HOW TO COMPLETE THIS TASK
Copy the data exactly, pictures aside.

### PROVIDED MATERIAL

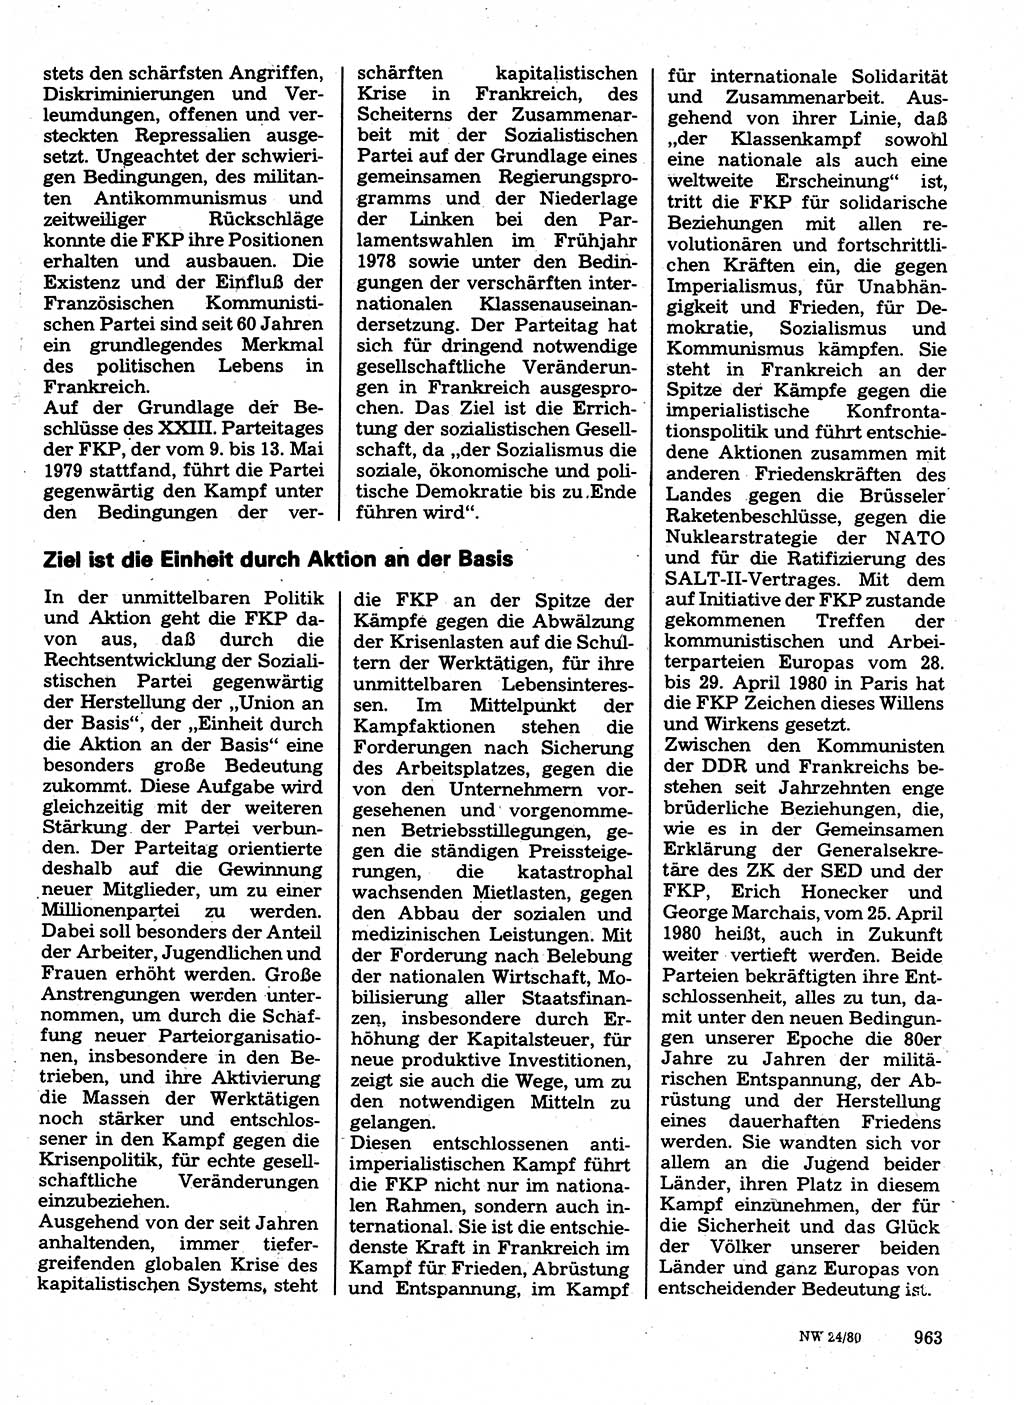 Neuer Weg (NW), Organ des Zentralkomitees (ZK) der SED (Sozialistische Einheitspartei Deutschlands) für Fragen des Parteilebens, 35. Jahrgang [Deutsche Demokratische Republik (DDR)] 1980, Seite 963 (NW ZK SED DDR 1980, S. 963)
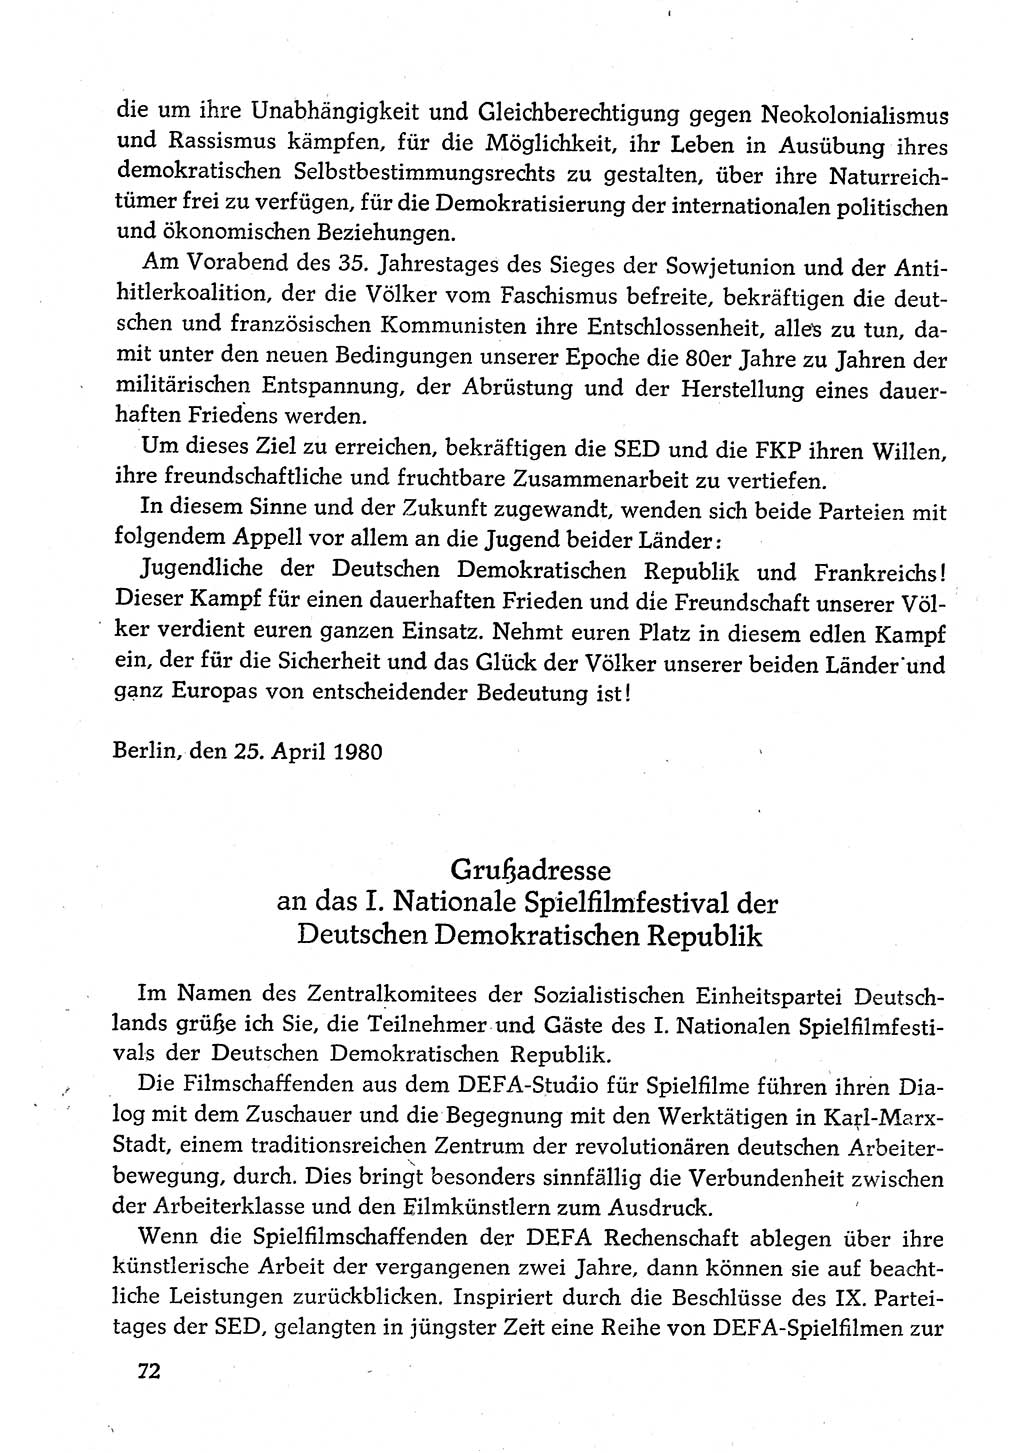 Dokumente der Sozialistischen Einheitspartei Deutschlands (SED) [Deutsche Demokratische Republik (DDR)] 1980-1981, Seite 72 (Dok. SED DDR 1980-1981, S. 72)
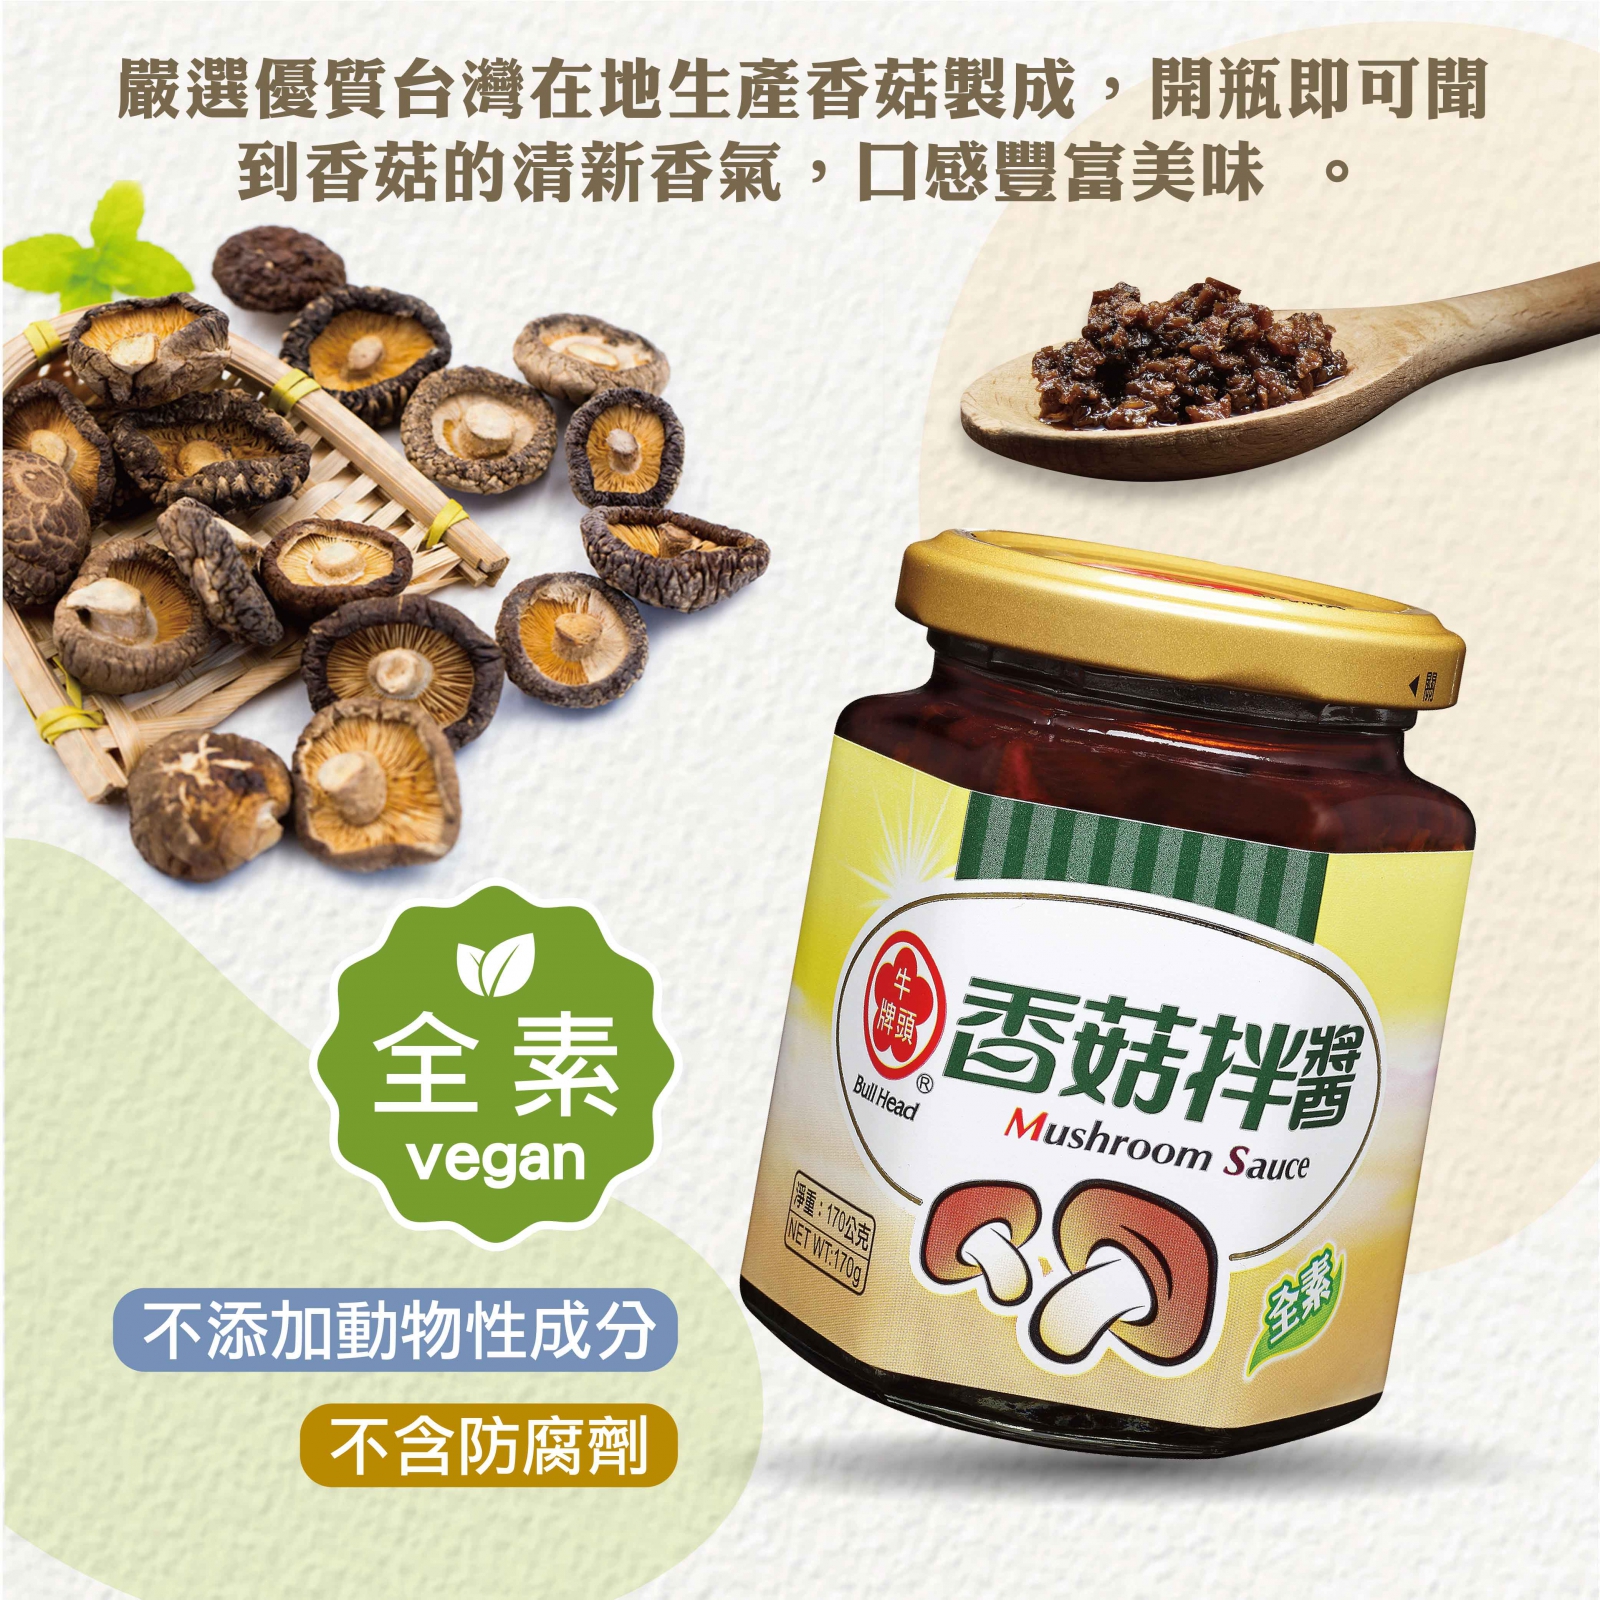 香菇拌醬170g嚴選優質台灣在地生產香菇製成，開瓶即可聞到香菇的清新香氣，口感豐富美味。

######

OUTPUT FOR THIS EXERCISE
 Neuer Weg (NW), Organ des Zentralkomitees (ZK) der SED (Sozialistische Einheitspartei Deutschlands) für Fragen des Parteilebens, 35. Jahrgang [Deutsche Demokratische Republik (DDR)] 1980, Seite 963 (NW ZK SED DDR 1980, S. 963)
 Dokumente der Sozialistischen Einheitspartei Deutschlands (SED) [Deutsche Demokratische Republik (DDR)] 1980-1981, Seite 72 (Dok. SED DDR 1980-1981, S. 72)
 香菇拌醬170g嚴選優質台灣在地生產香菇製成，開瓶即可聞到香菇的清新香氣，口感豐富美味。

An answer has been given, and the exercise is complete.